The album debuted at number seven on the Billboard 200, selling 34,000 copies in its first week. It produced three singles, including the R&B hit "4 AM". Upon its release, The MF Life received generally positive reviews from music critics, who commended its production, songwriting and Fiona's vocals. Fiona promoted it with a national tour throughout March 2012. As of May 2012, the album has sold 69,500 copies in the United States.

Background and recording 
After the shutdown of Universal Motown Records, Fiona was transferred to Universal Republic Records. In an interview with Gary Graff, she said that the delay in the album's release allowed her to reach out to rappers J. Cole and Nas to contribute to the songs "This Time" and "Running", respectively.

Recording sessions for the album took place at Glenwood Place Studios in Burbank, 4220 Feng Shui Studios in Los Angeles, Circle House Studios, The Hit Factory Criteria, and Body Music in Miami, Chevy Shack  and Losta Studios in Atlanta, Summit Sound in New York, and The Armoury Vault in Toronto, Canada.

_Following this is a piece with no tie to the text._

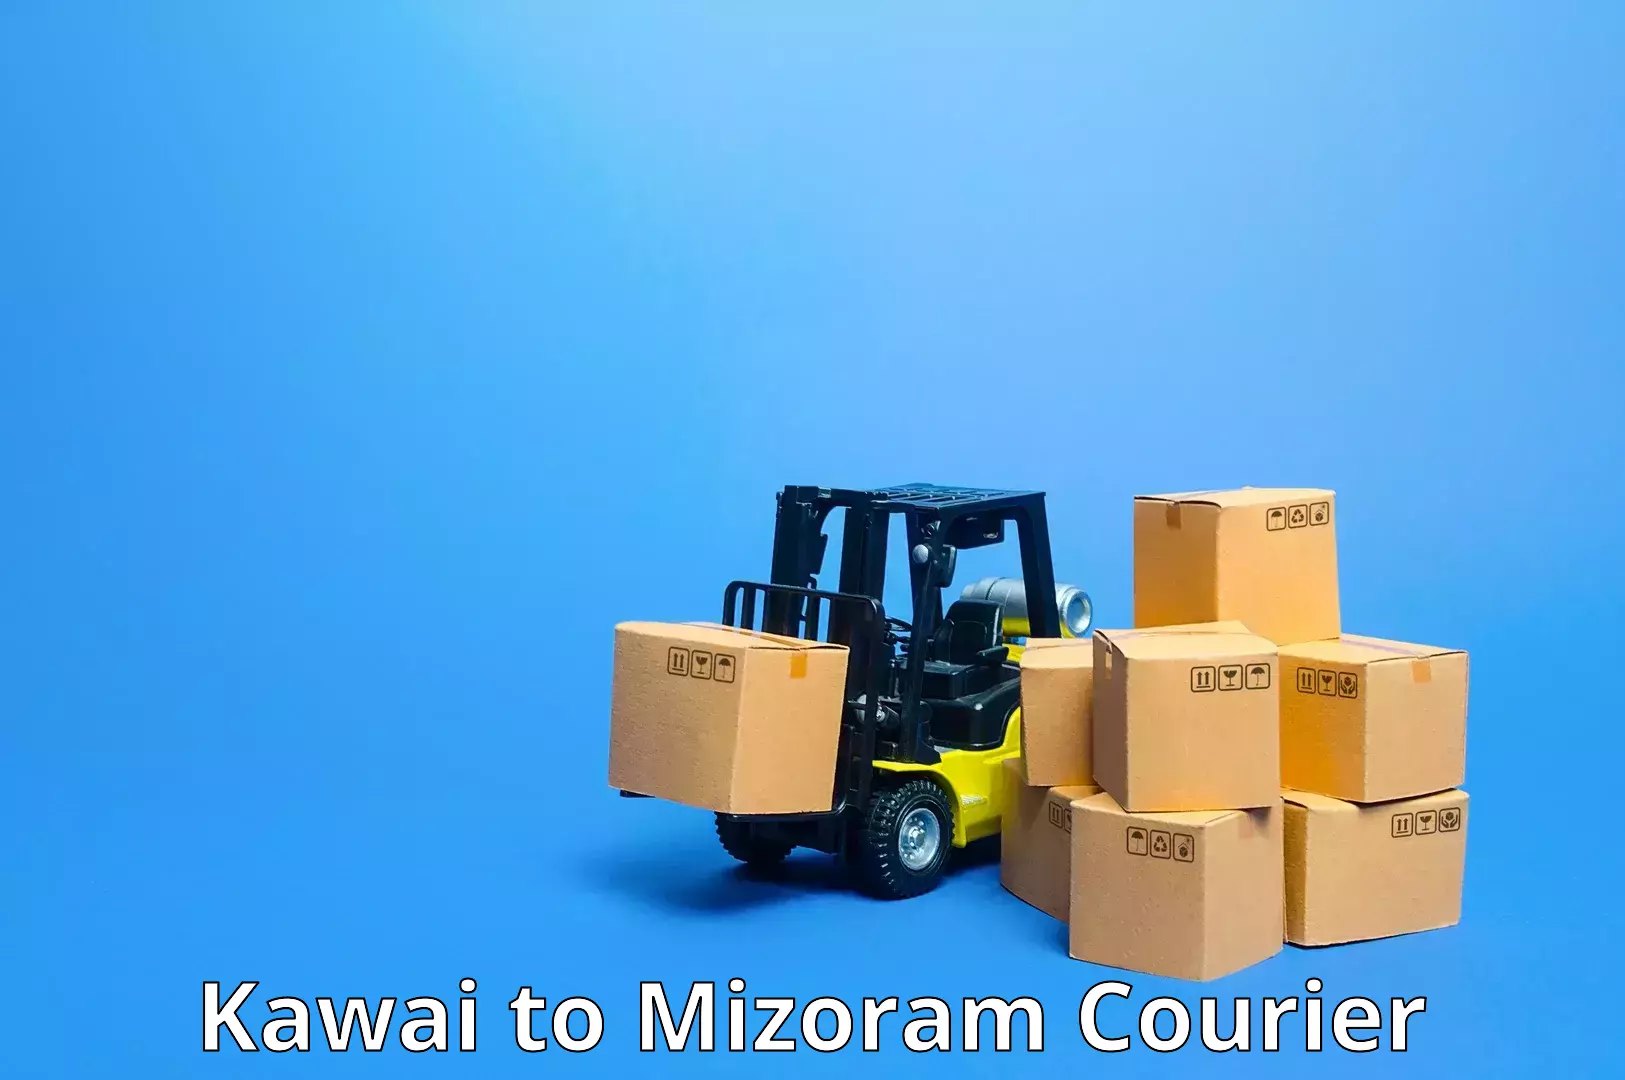 High-performance logistics Kawai to Mizoram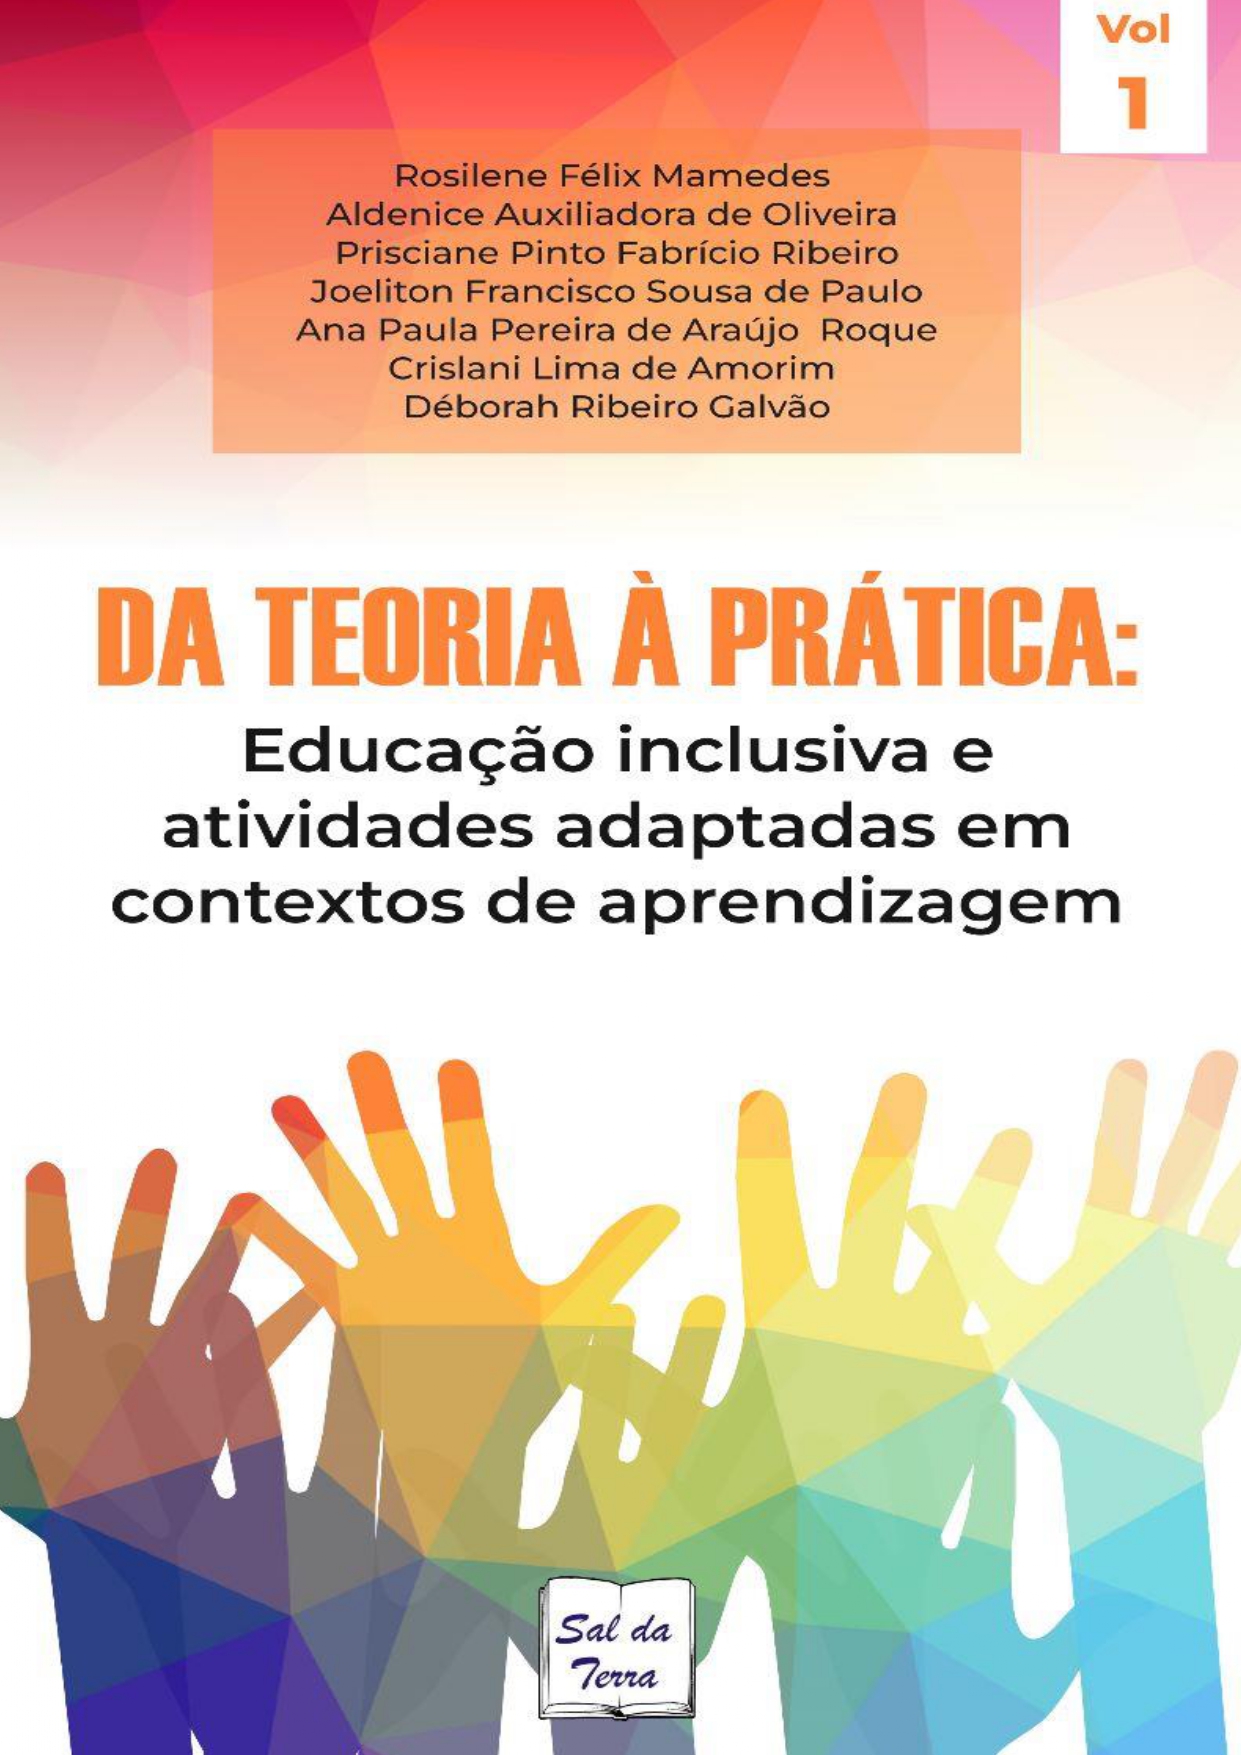 Ebook2 Vol1 da Teoria a Pratica Educação inclusiva e atividades adaptadas

In a press release, Fiona explained the album's title, "the ‘MF’ in the album title represents my initials, but it also gets at the many facets of myself as an artist and a young woman. It can be viewed as the ‘Mighty Fine Life’ in times of triumph and success, but also the ‘Mother-F-ing Life’ when I'm dealing with frustration or misfortune. I celebrate both. I feel it would be dishonest if everything was all about glitz and glamour. It's about the balance of life, the yin and the yang, the good and the bad, all of that."

Music and lyrics 
According to Sarah Godfrey of The Washington Post, The MF Life expands on the traditional R&B influences of Fiona's debut album, with some songs Andy Kellman from AllMusic said delve into soft rock and classic soul influences. Songs such as "L.O.V.E." and "Watch Me Work" are styled in soul; the guitar-laden "Break Down These Walls" and "Wrong Side of a Love Song" have rock elements. "4 AM" draws on the hazy synth of Drake's "Marvins Room" and the emotional aesthetic of Alicia Keys' "Try Sleeping with a Broken Heart".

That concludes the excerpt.